Take the lines from the one with "Oklahoma City, OK, USA." to the end of the listing, both ends included, and quote them exactly, leaving pictures out.

→ GIVEN INFORMATION:
Segment Open
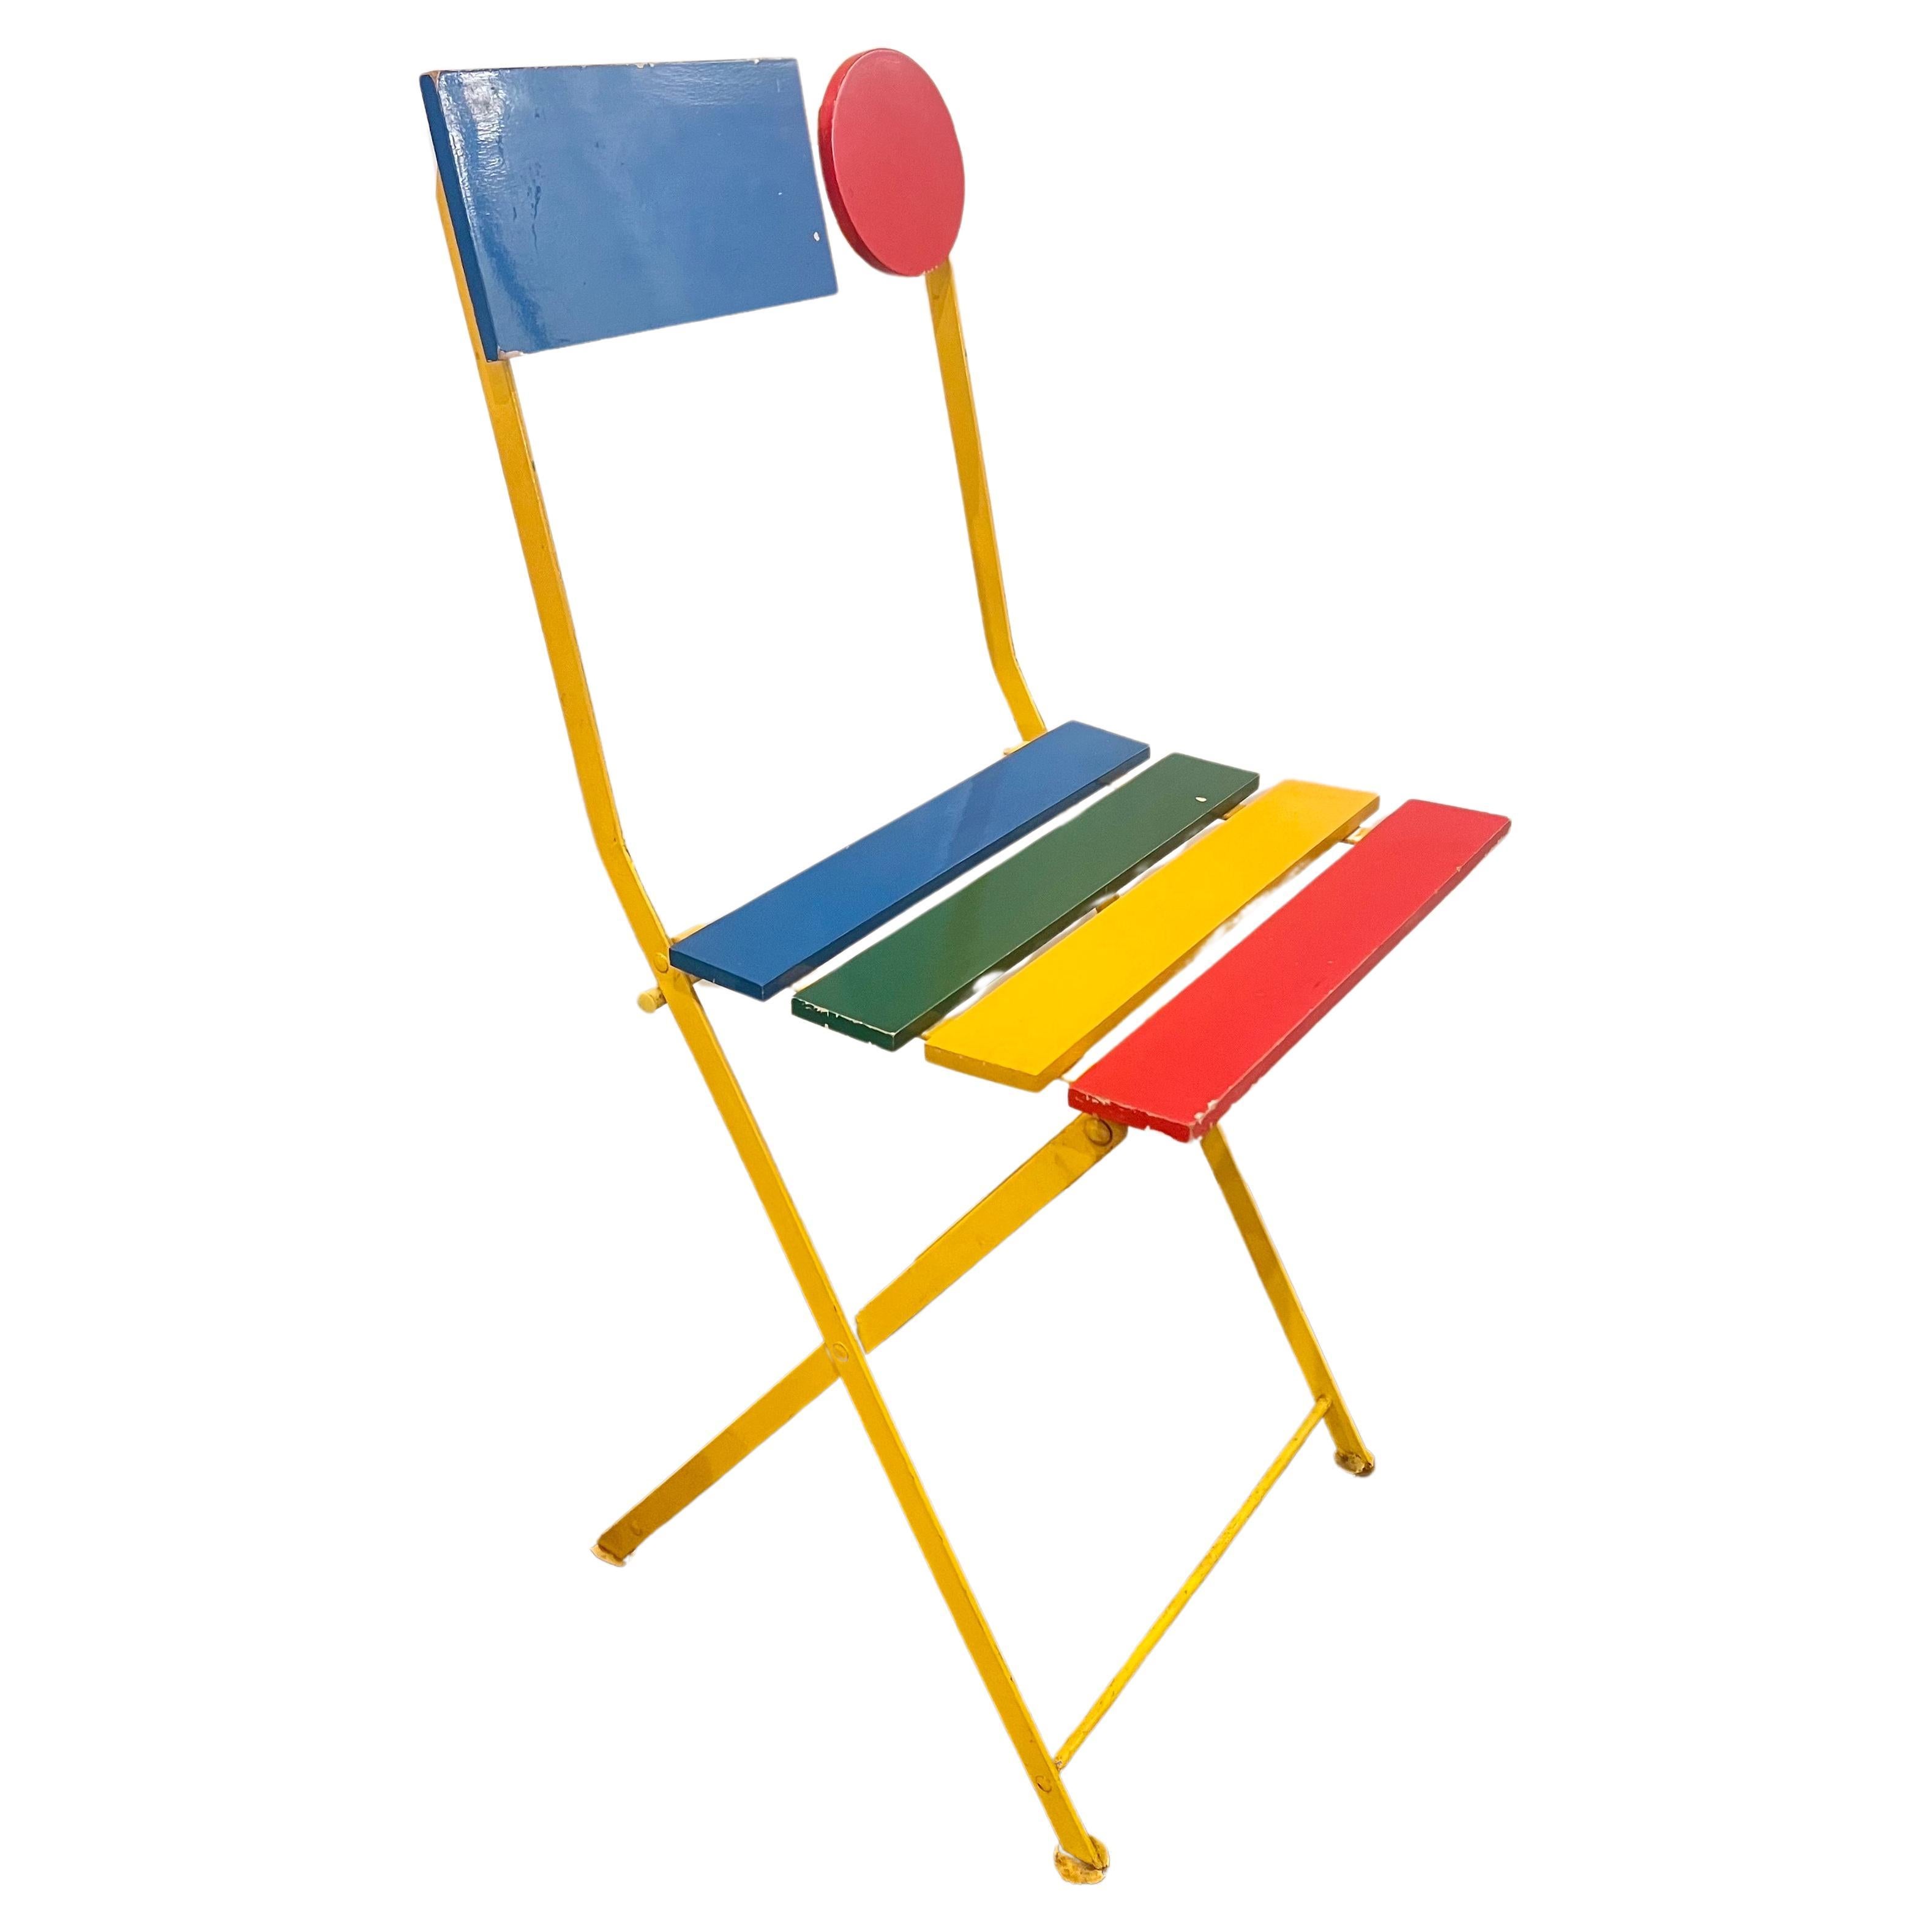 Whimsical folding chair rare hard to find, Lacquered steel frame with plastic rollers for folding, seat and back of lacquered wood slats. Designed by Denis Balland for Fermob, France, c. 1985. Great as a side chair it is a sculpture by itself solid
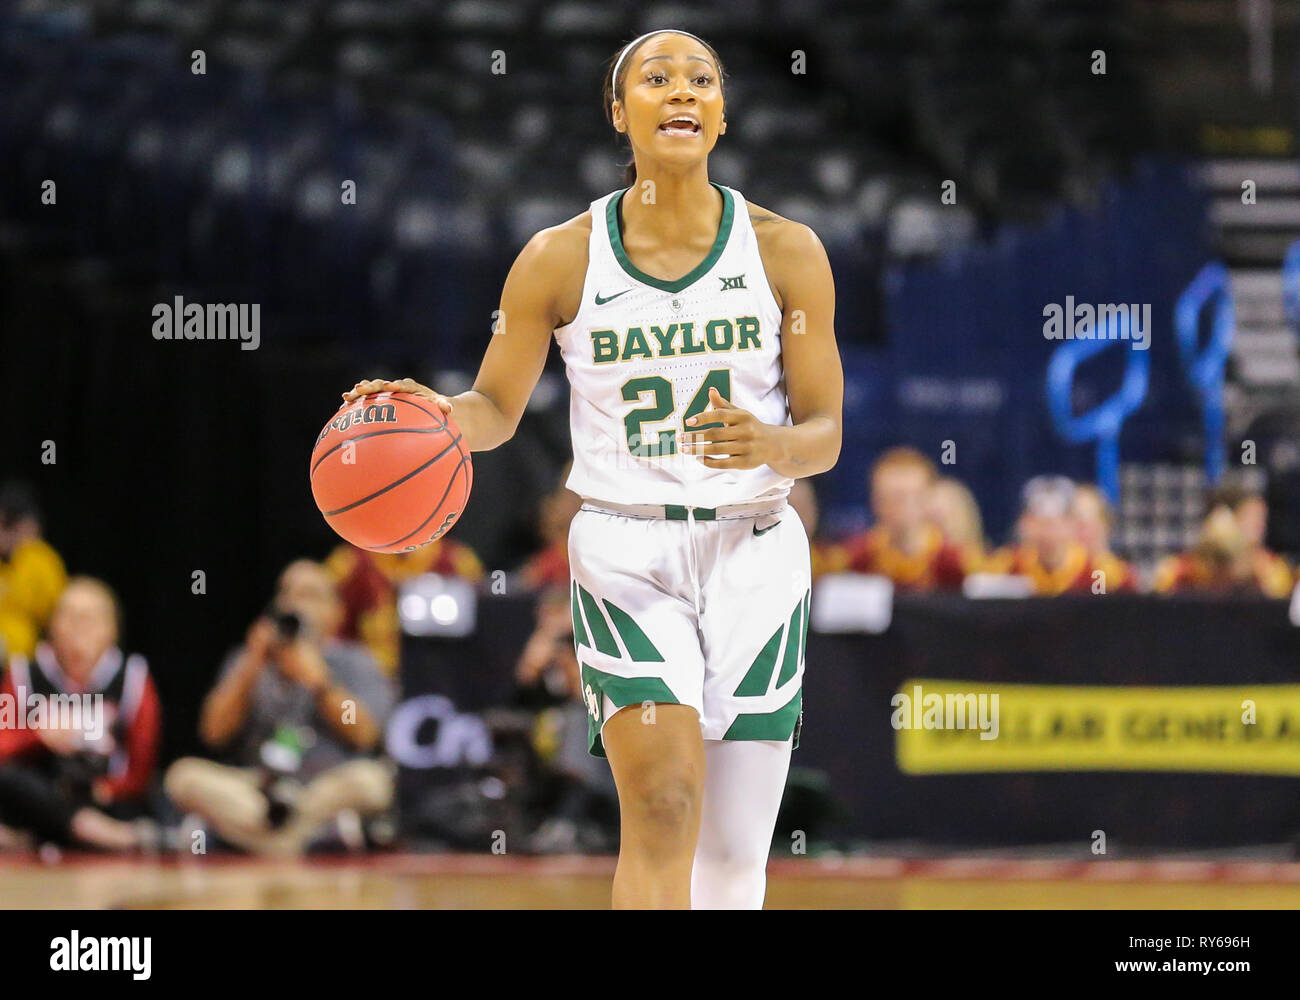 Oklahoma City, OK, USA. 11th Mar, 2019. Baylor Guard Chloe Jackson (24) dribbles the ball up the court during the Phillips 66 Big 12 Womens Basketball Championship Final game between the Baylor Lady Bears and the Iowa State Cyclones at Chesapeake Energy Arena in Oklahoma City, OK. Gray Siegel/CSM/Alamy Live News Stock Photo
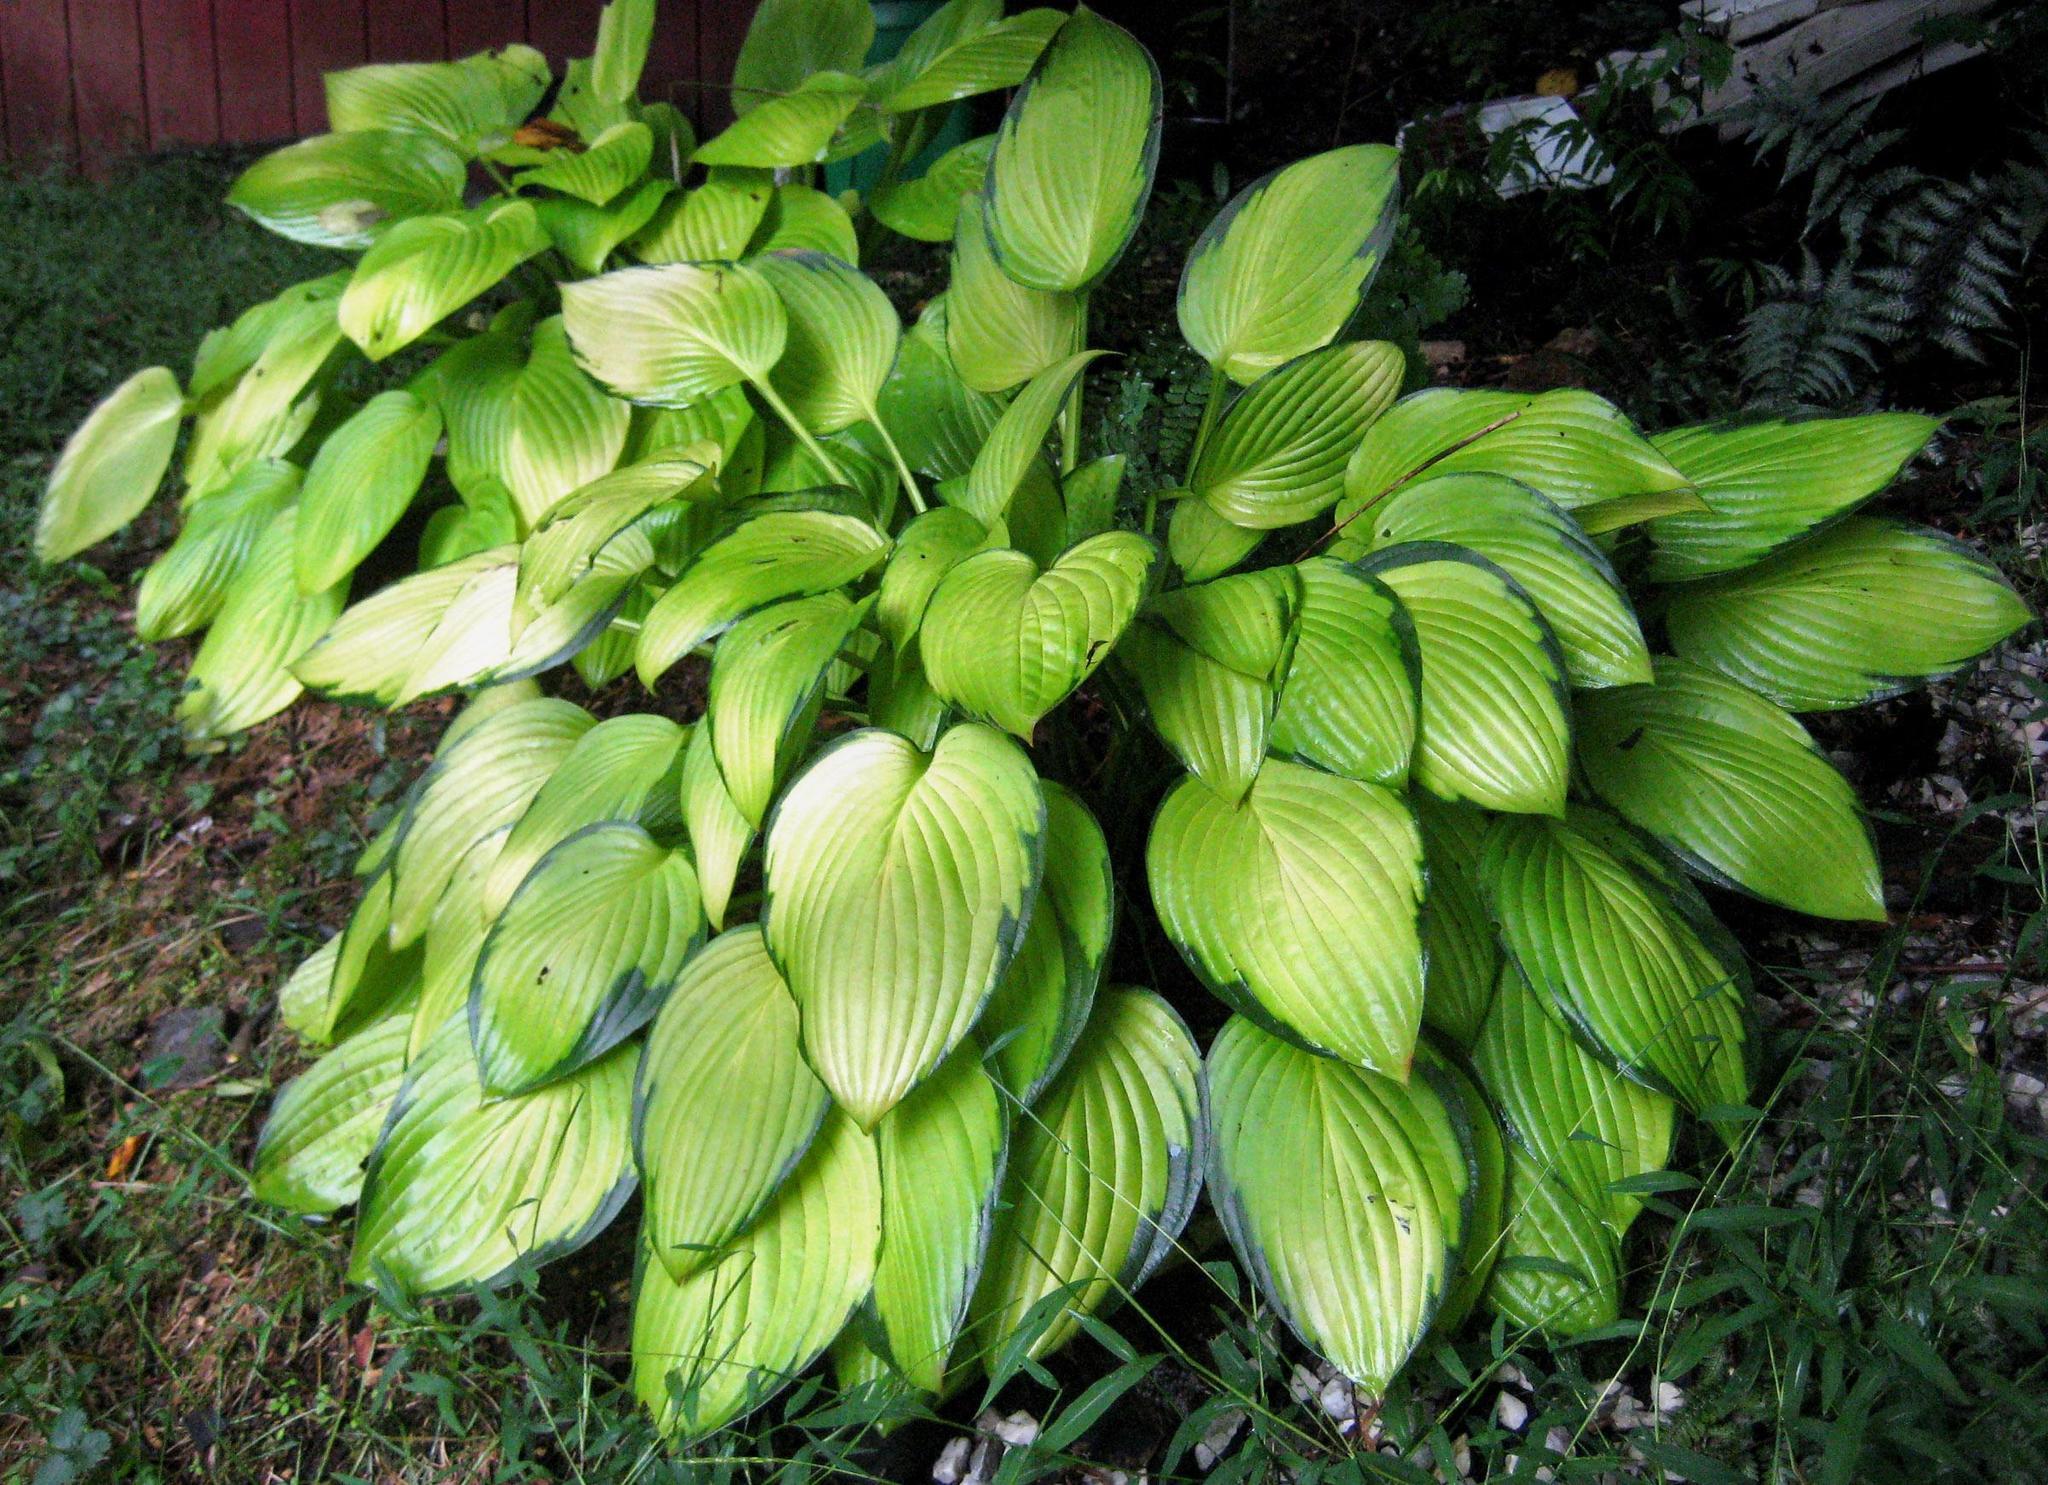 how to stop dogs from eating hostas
Segment Closed
→ FINISHED EXERCISE:
 Oklahoma City, OK, USA. 11th Mar, 2019. Baylor Guard Chloe Jackson (24) dribbles the ball up the court during the Phillips 66 Big 12 Womens Basketball Championship Final game between the Baylor Lady Bears and the Iowa State Cyclones at Chesapeake Energy Arena in Oklahoma City, OK. Gray Siegel/CSM/Alamy Live News Stock Photo
 how to stop dogs from eating hostas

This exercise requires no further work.